Percentiles can help you understand important aspects of your dataset, ranging from the data’s overall shape to single record ranking.  If you find yourself in any of the following situations then percentiles can help you.

1. Do you wish your “average” calculation was resistant to outliers? The real estate industry reports the median home price because the average is heavily influenced by a few large or small sales.  If they didn’t use the median, real estate analysts would need complicated logic to remove outlier data points to gain a true picture of the real estate market.

2. Do you want to see skew without being affected by it?  We already know that we can use the median to resist outliers, but we don’t want to completely ignore them either.  It would be nice to know if a small number of extreme data points exist in the dataset, but how can we determine this quickly?  Fortunately, you can tell if your data is skewed without plotting every point by comparing the average to the median within the context of the interquartile range (a.k.a. the 25th and 75th percentiles).  This looks great in a dashboard, but before AtScale, this was usually too expensive to compute on large datasets.

3. How to identify tiers in your data?  Let’s say that you want to identify your price-insensitive customers and market to them separately.  You may want to rank your customers by average sales amount and select the subset that rank above the 75th percentile of sales.

4. How does this one record compare to the rest?  If your data is ranked then you can tell how a specific record compares to the rest.  For example, if Jane Doe calls up and asks to speak to a manager regarding her $2500 order and you know that the 90th percentile threshold is $2000, then you instantly know that Jane is a high-value customer who ranks above the 90th percentile in sales amount.

Advantages of AtScale’s Percentile Estimates

AtScale implemented a modified version of Ted Dunning’s t-Digest algorithm that offers several important advantages over alternative methods used by existing BI tools and Hadoop query engines. 

1. No Data movement.  The importance of this property cannot be overstated because moving data from the data-lake to a BI tool is so painfully slow.  AtScale firmly believes that data should be analyzed in-place whenever possible because data movement is a scalability killer.  Simply put, moving data into Tableau or Qlik via extracts is completely infeasible for large-scale applications.
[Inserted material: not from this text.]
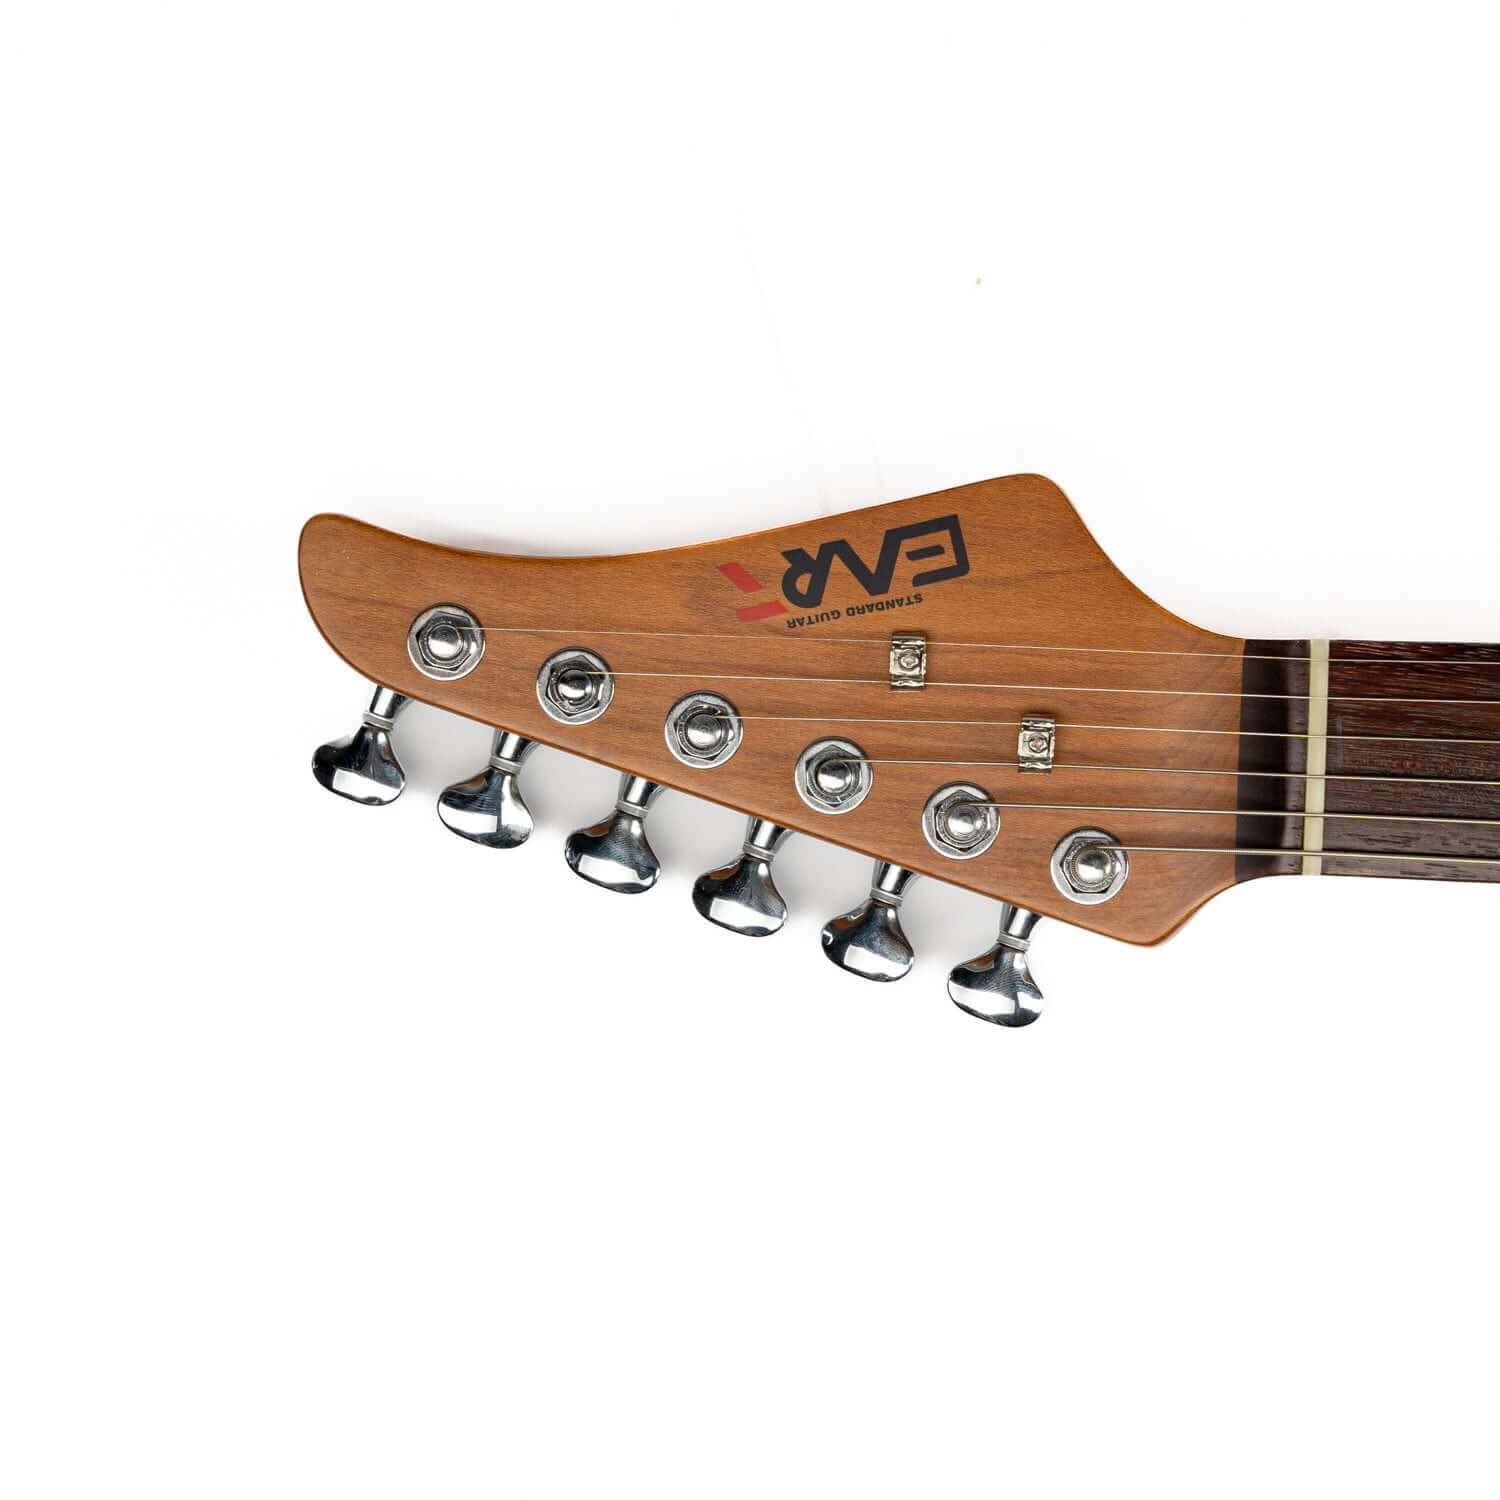 EART electric guitar DMX-9TC headstock

2. Works with Aggregates.  AtScale’s version of the algorithm has the huge advantage of using your semantic model to speed up calculations.  For example, if your model has a geography hierarchy, AtScale can aggregate sales to the state level and then answer a separate percentile question at the country level.  Reading the comparatively small state aggregate table instead of the multi-billion row fact table provides results in a fraction of the time.  Hive, Impala, and Spark’s percentile estimation functions cannot do this because they don’t have a semantic layer!

3. You Control the Accuracy vs. Resources Trade-off.  AtScale provides very good estimates of your data, however if desired, you can configure AtScale to create more accurate data sketches (think histograms) to reduce estimation error to less than 0.0001%.

When it comes to Big Data, there is more to percentiles than just a simple statistical calculation.  Hopefully you are imagining ways to apply percentile estimates to your Big Data.  For more best practices for  BI on Big Data, check out this webinar with Jen Underwood below.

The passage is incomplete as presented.